[antlr-interest] unknown parameters

John Ridgway john.ridgway at trincoll.edu
Wed Nov 7 09:16:21 PST 2007


On Nov 7, 2007, at 5:58 AM, Corno Schraverus wrote:

>> You cannot use parameters in predicates I am afraid, as when the
>> predicate
>> fragment is generated, the rule parameter is no longer in scope. I
>> suspect
>> that you are using the backtrack=true; option, which is where these
>> options
>> are coming from. If you wish to pass in such a parameter AND you wish
>> to use
>> backtrack=true, then you will need to use scopes rather than local
>> parameters.
>>
>> Overall it is probably best to get a grammar that does not use
>> backtrack=true, but using scopes will solve your issue with  
>> parameters.
>>
>> Jim
>>
> That's correct, I'm using the 'backtrack=true' option, I'm working  
> with the
> Java 1.5 grammar that Terence made for Antlr3. If he wasn't able to  
> create a
> grammar without backtracking, I'm very much afraid that I won't be  
> able to
> improve on that.
>
> I'm trying to understand if the fact that you can't combine  
> parameters and
> backtracking is an implementation issue or a conceptual issue. I could
> imagine that the same fragment function is generated twice by  
> antlr; one
> with and one without parameters and actions.

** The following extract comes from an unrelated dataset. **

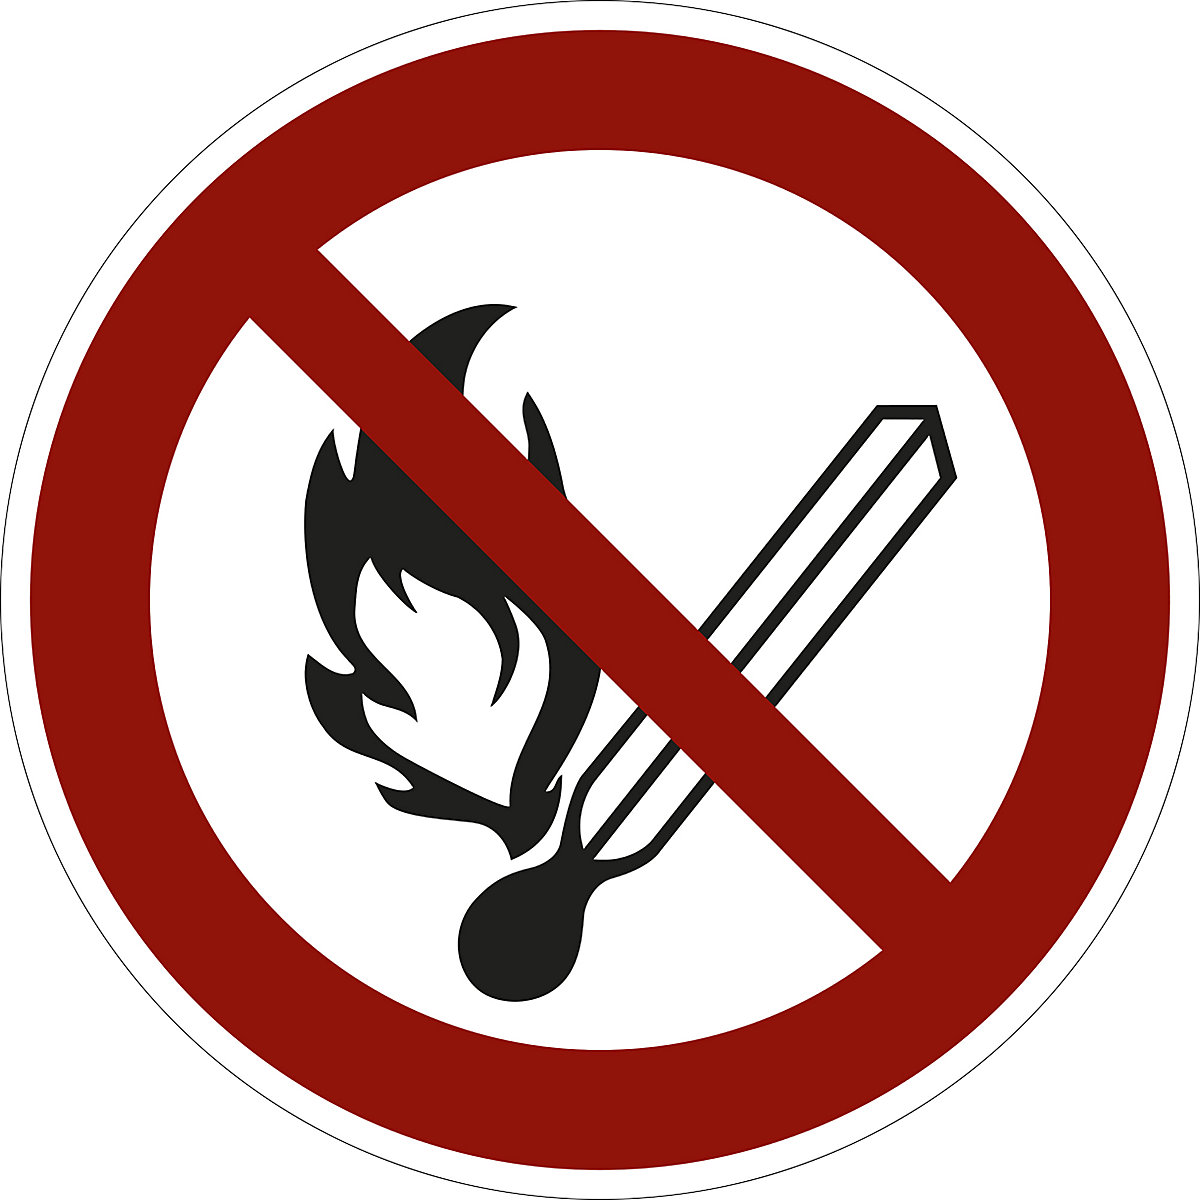 Zákazová značka, Oheň, otevřený plamen a kouření zakázány, bal.j. 10 ks, fólie, Ø 200 mm

The first one is used  
> during
> probing and the second one is used when the right 'path' is found.  
> Would
> that be possible?
>
> The actual issue I have is a bit more complicated than the example  
> I showed,
> I'm not passing the parameter directly, the parameter is a  
> container and for
> every matched subrule a component will have to be added to that  
> container.
> If I was to use scopes; would the following code be a 'good' solution?
>
> bar [Bar * myBar]
> 	scope {
> 		Bar * bar_;
> 	}
> 	@init {
> 		$bar::bar_ = myBar;
> 	}
> 	:
> 	(
> 		{
> 			Foo * myFoo = new Foo();
> 			$bar::bar_.addFoo(myFoo);
> 		}
> 		foo [myFoo]
> 	 )*
> 	;
>
> TIA,
>
> Corno
>

Corno -
I believe that it's a conceptual issue.  What happens if the  
parameter that is passed is used in a semantic predicate to allow/ 
disallow a particular parse path?  The parse tree is then dependent  
on the parameter.  I have tried, with some success (not fully yet, I  
believe, but that may be inexperience), the following:

bar[Bar myBar]
     :   (foo[null])=> foo[myBar]
     ;
or whatever.  If the parse is not dependent on the parameter then the  
syntactic predicate should work correctly.

Hope this helps -- and I hope I'm not wildly off-base.